When you're sneaking through the back alleys, taking out bad guys from behind, the controls take a bit of time to get used to, but generally work pretty well. It's when you get into combat that they tend to get frustrating. It's exacerbated by the fact that the AI for your soldiers are monstrously stupid. You'd figure that they'd run to cover when you tell them to, but they have a tendency to stand up in the middle of a field and return fire, making them an easy target. Technically you can issue various orders to cancel all firing, but you have to remember to bring up the command menu to do it, further entangling the web of confusing controls. You can resurrect party members with an unlimited supply of medikits, but it takes several seconds for them to be revived, so it's putting the medic in the line of fire if there are still enemies around.
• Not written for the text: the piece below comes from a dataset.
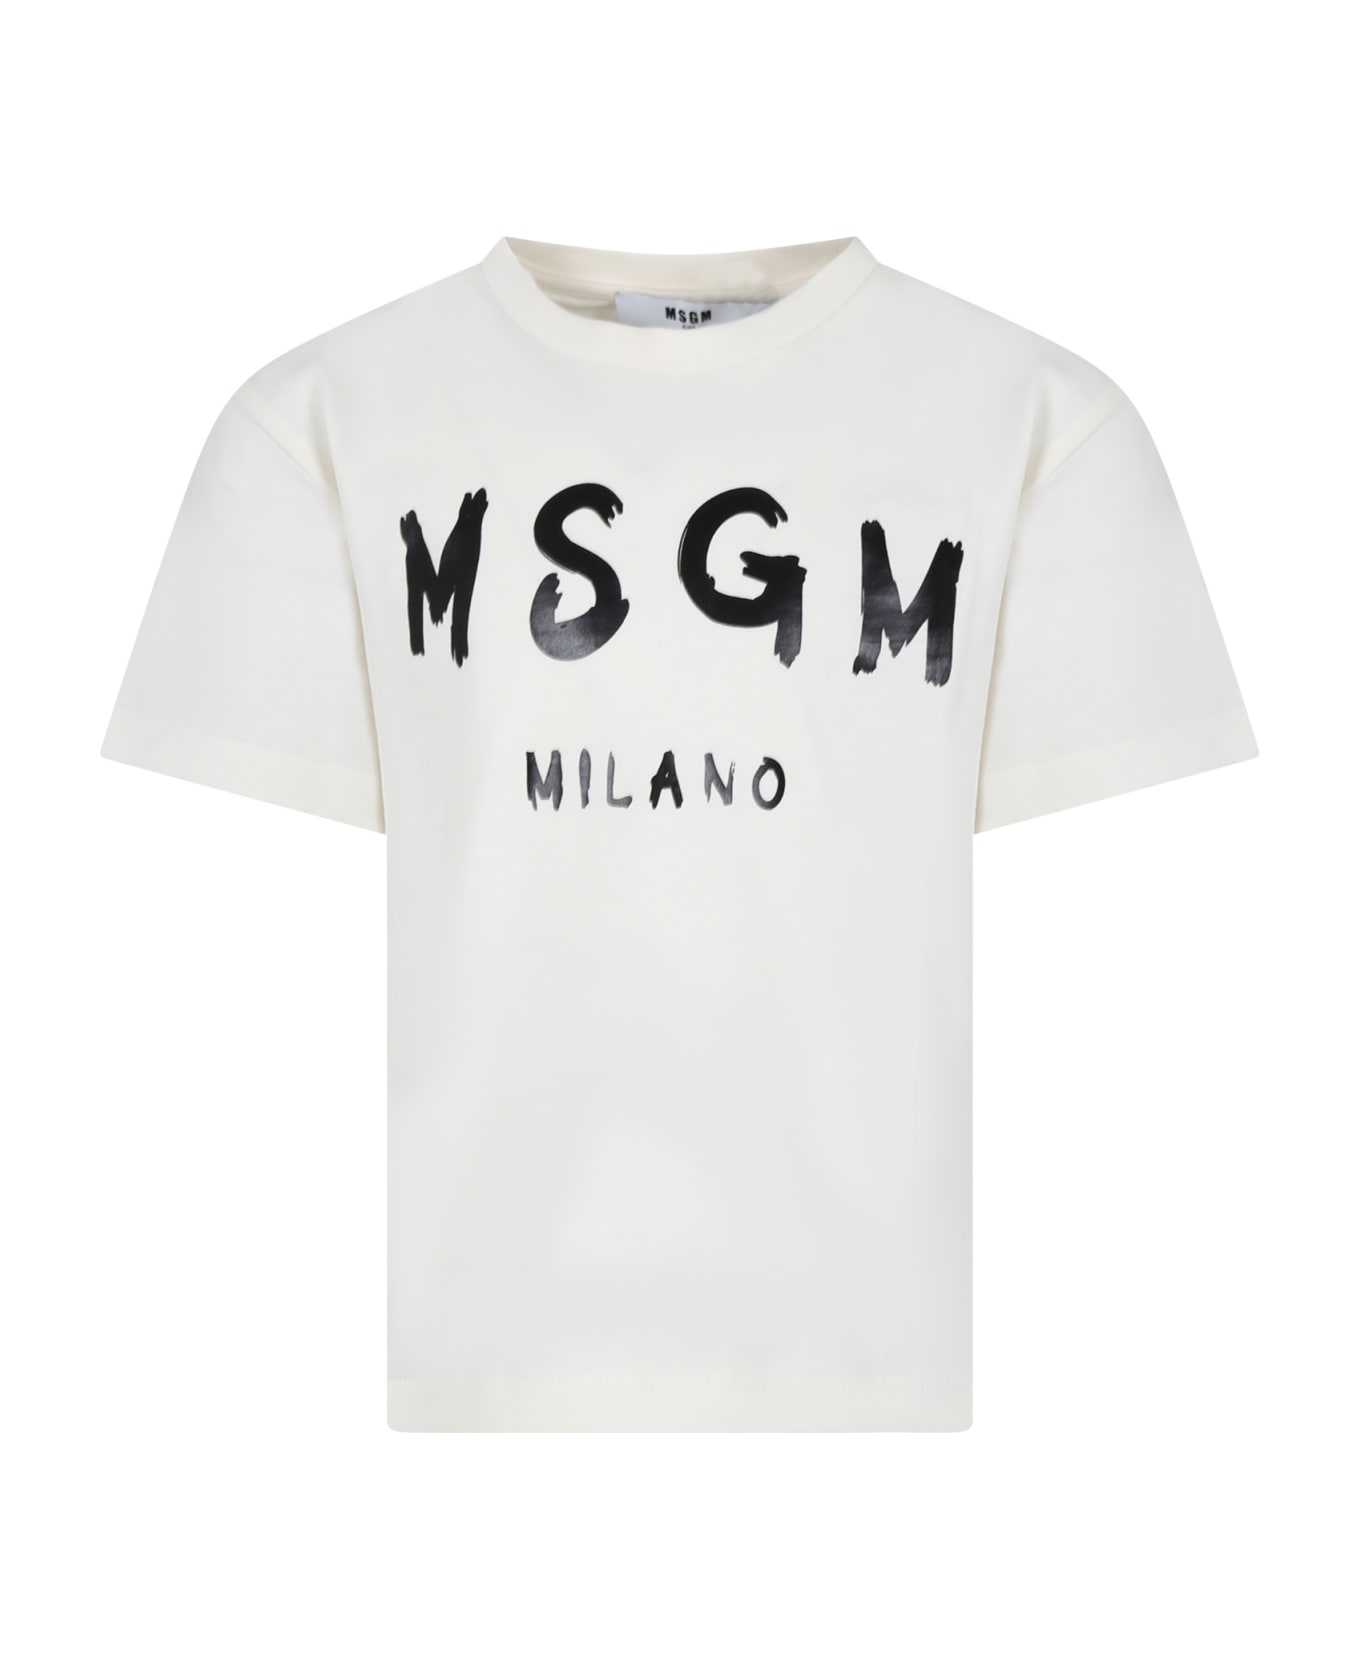 MSGM Ivory T-shirt For Kids With Logo - Ivory

And if you let a single fallen comrade lie on the ground for too long, they'll bleed to death, forcing you to restart at the last checkpoint. Overall, the game really isn't too hard, but there are a number of roadblock moments that can potentially require numerous restarts. But dying and restarting takes at least a minute to load, which just adds to the aggravation.

 

socom tactical strike          socom tactical strike

 

For all of its stumbling points, there are a few particularly notable aspects to Tactical Strike. At the beginning, you can choose the nationality of your squadron from numerous different countries, including America , France , Spain , Germany , Italy , Britain, Australia and South Korea . The basic plot and levels are exactly the same -- nothing too exciting to begin with, just an assault through your usual South American villages and jungles to save an ambassador -- but your commanders will speak their native language, which is a cool touch. There are also a number of quick missions set aside from the standard campaign levels. These are pretty much just altered versions of the main scenarios, but with different objectives. The multiplayer mode has some similar options as well, which greatly adds to the overall package.

 

The concept of SOCOM Tactical Strike is remarkably cool, and when the controls aren't getting in the way, it's a pretty fun game. Sitting in the middle of a firefight, figuring out the best way to position your soldiers, and ultimately taking down your foes using mind over matter is a refreshing change from the usual gung-ho action games. But the interface tends to muck things up too often for it to be truly enticing, leading to a game that's alternatively fascinating and frustrating.